Part-time jobs are a great way for teens to learn about managing money, and it can take some of the load off of Mom and Dad as providers of spending money. It can boost their confidence and help them on their way toward becoming independent adults. But most teens are still in school, so it’s important to remember that work should not take the place of homework or study time.
Here are some tips on how teens can find a part-time job, things to consider, and some of the things to expect.
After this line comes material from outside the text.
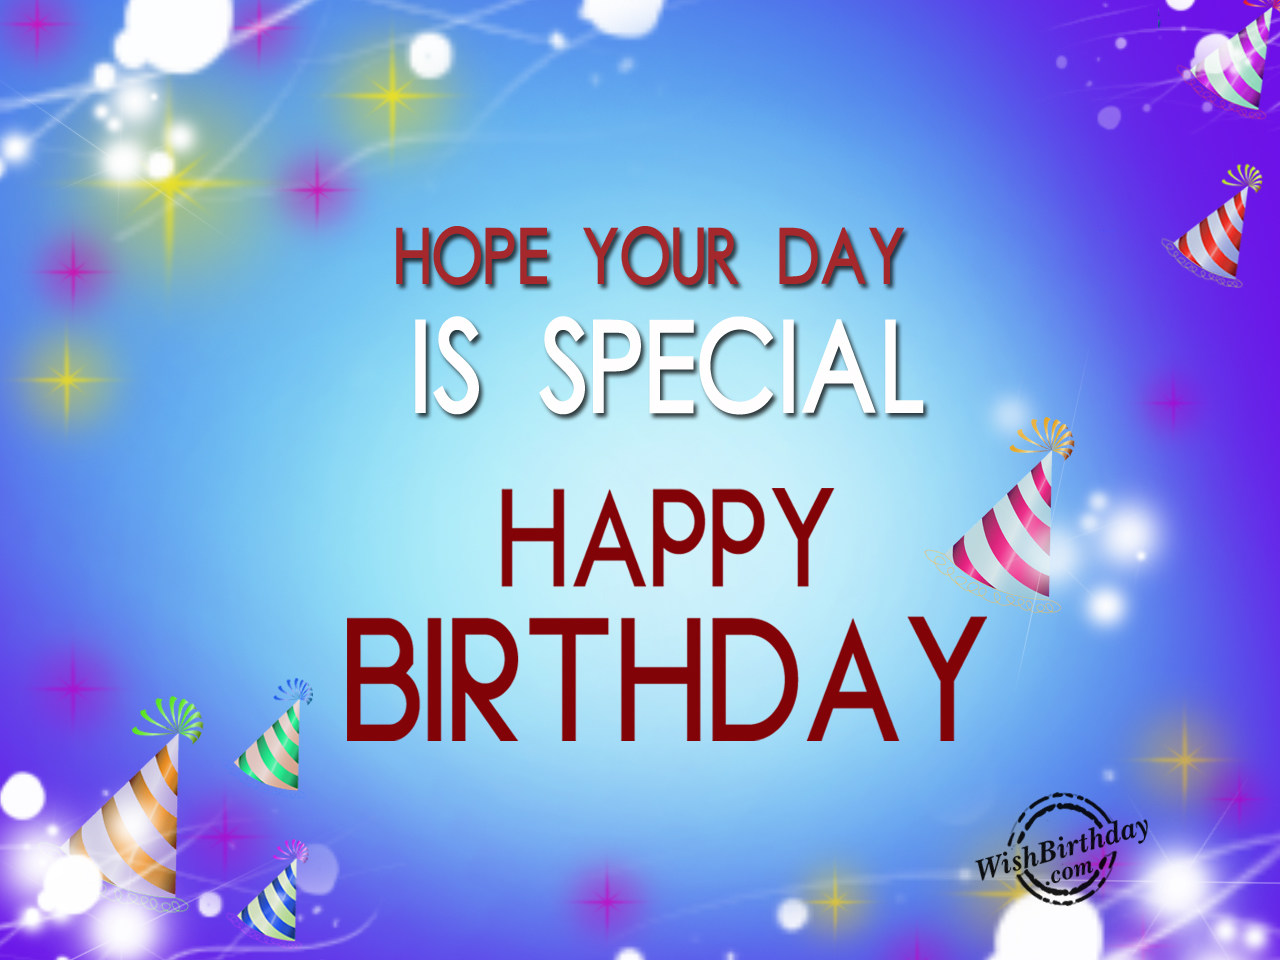 Happy Birthday,Hope your day is special - Birthday Wishes, Happy ...

Consider how your teen is going to get to and from his or her job. If your teen is not driving, or if you don’t have a vehicle you can spare, take that into consideration before your teen applies for a particular job.
How Many Hours?
Twenty hours a week is the average for a part-time job, but your teen’s other activities and schoolwork should be taken into consideration, too. If he or she only has 10 hours a week to devote to work, then babysitting or yard work might be good choices.
Studies have shown that teens who work more than 20 hours a week tend to flag behind in schoolwork and experience more fatigue due to lack of sleep. Other studies point to between 10 and 15 hours per week as the ideal number of hours for teens to gain the advantages of employment without sacrificing school and social life.
What Kinds of Jobs?
As noted above, babysitting and yard work are popular first jobs for teens. Today, there are online jobs, too. Transcription, writing web content, running a blog, and so forth are all legitimate part-time jobs, and your teen can pick and choose based on how many hours your teen has available.
Speaking of online jobs, your teen can also set up his or her own business online. He can manage a web content company and hire other teens to write for him, or he can set up an informational niche website. There are forums and organizations online devoted to helping teens start up their own businesses.
Handmade items and crafts are on the rise. Artisan foods are a hot item these days, as are hand-sewn bags and bath products. Your teen can set up a website to sell his or her products, or use online tools like eBay. Also, local retailers might be willing to sell items for a percentage of the sale price.
How much your teen can expect to make does, of course, depend on the job and the number of hours. It’s important to be realistic here, too; your teen may be working for minimum wage at only 10 hours a week. But experience is invaluable, and your teen does not have the life expenses that adults do, such as grocery and utility bills.